Thursday, January 1, 2015

Weekend (1967)

Director: Jean-Luc Goddard                              Writer: Jean-Luc Goddard
Film Score: Antoine Duhamel                            Cinematography: Raoul Coutard
Starring: Mireille Darc, Jean Yanne, Jean-Pierre Léaud and Michéle Breton

Continuing a tradition since this blog began, I’m reviewing a French film for my first post of the new year. Jean-Luc Goddard’s Weekend was a selection of the Olympia Film Festival this past fall, and since I didn’t get a chance to see it then I decided to take a look at it now. Weekend is a black comedy, but a very French black comedy, which means the black is far more black than expected and the comedy is mostly situational rather than relief. It’s a fairly disturbing film that doesn’t seem to do anything with the emotions it attempts to wring from the audience. There are ideas here, to be sure, especially in the way that the ideology is bled of all its emotion and left with nothing but the husk of anger and no real purpose. The emptiness of the late sixties revolutionary spirit is ridiculed by the very emptiness of the film itself. One of the interesting sequences is the speech in a field by a French revolutionist, stating that freedom is violence, like a crime, and that freedom kills itself. And while in the revolutionary context it makes sense, in the world of that time it seems there is less to fear from the revolutionaries overturning civilization than there is that civilization has already been undone. It’s a film that is interesting to watch once, but has very little worth returning to.

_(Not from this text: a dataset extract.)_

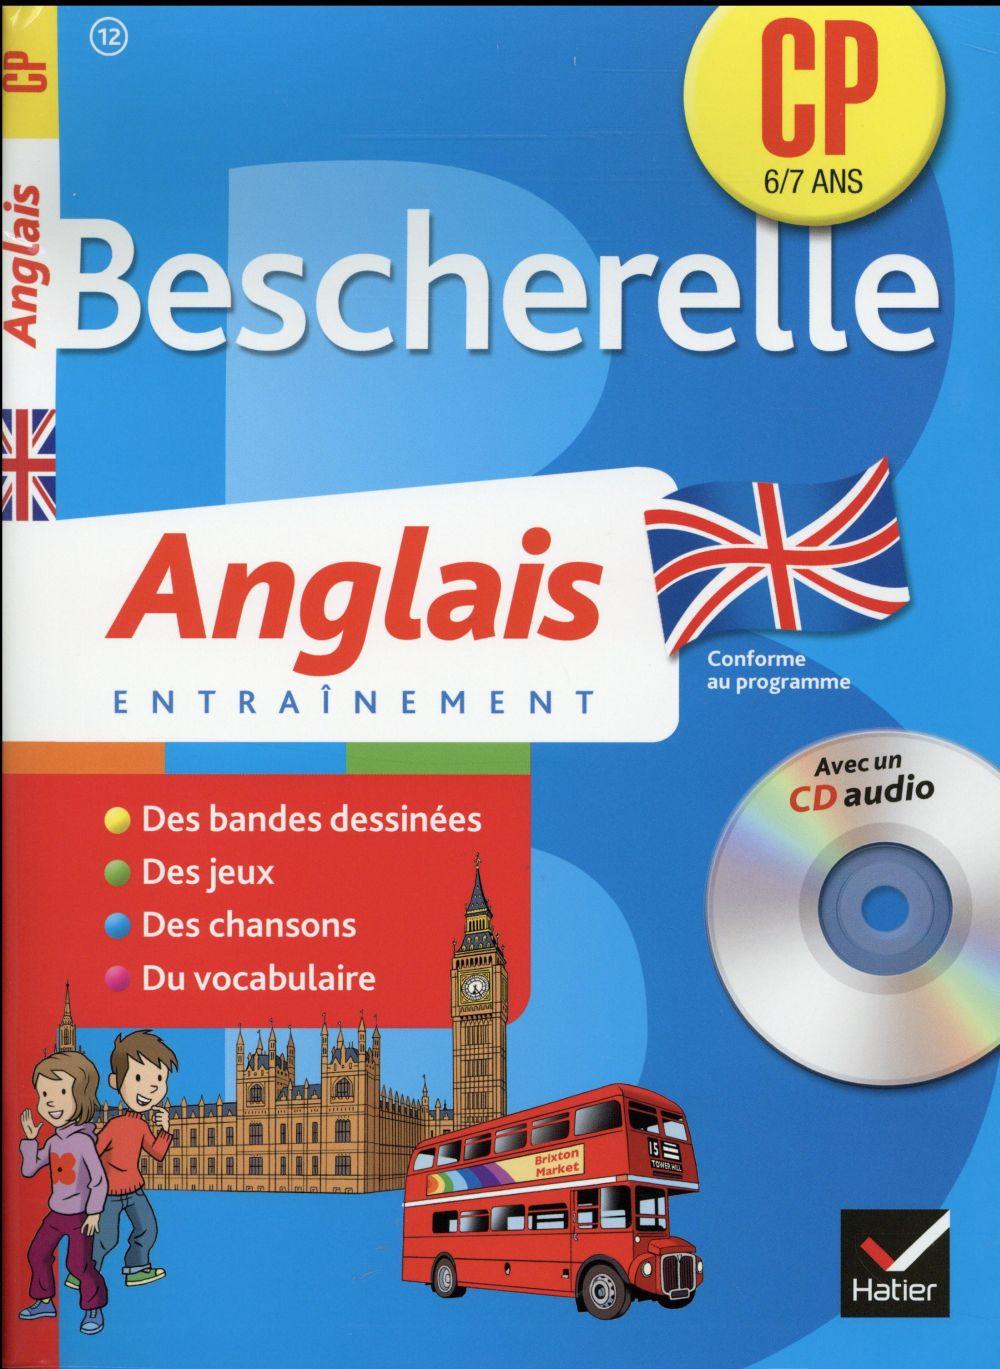 Anglais ; Cp - Laurent Héron, Buster Bone - Hatier - Livre + Cd Audio -  Place Des Libraires à Jeux Gratuit Anglais

The opening of the film, however, has a delightful setup. Goddard begins by sticking a pin the pretentiousness of filmmaking right away in the opening credits announcing, “A film adrift in the cosmos.” Two men are shown on a patio and when Mireille Darc appears she tells Jean Yanne, her husband, that he has a phone call. At this point Darc and her lover go into the yard and he says he wishes Yanne would die in a car accident with her rich father while Darc says she has kept her husband from fixing the breaks on his car. The credits then flash, “A film found in a dump.” This is followed by noisy car horns, with two men climbing out of their cars and fist fighting while Darc watches from above. Once on the phone, Yanne realizes it is his own lover and expresses how he wishes Darc would die in a car wreck with her rich father because the pills and gas he’s been giving him haven’t worked and she might begin to get suspicious. This, however, is just the beginning. After a long sequence in which Darc tells Yanne about a sex dream she’s had, they get into their car, argue with the neighbors, and Goddard launches into an extremely long tracking shot of the car inching along the road past a line of cars a quarter mile long, all to the accompaniment of car horns. At the end are pools of blood in the road and dead bodies in the grass nearby.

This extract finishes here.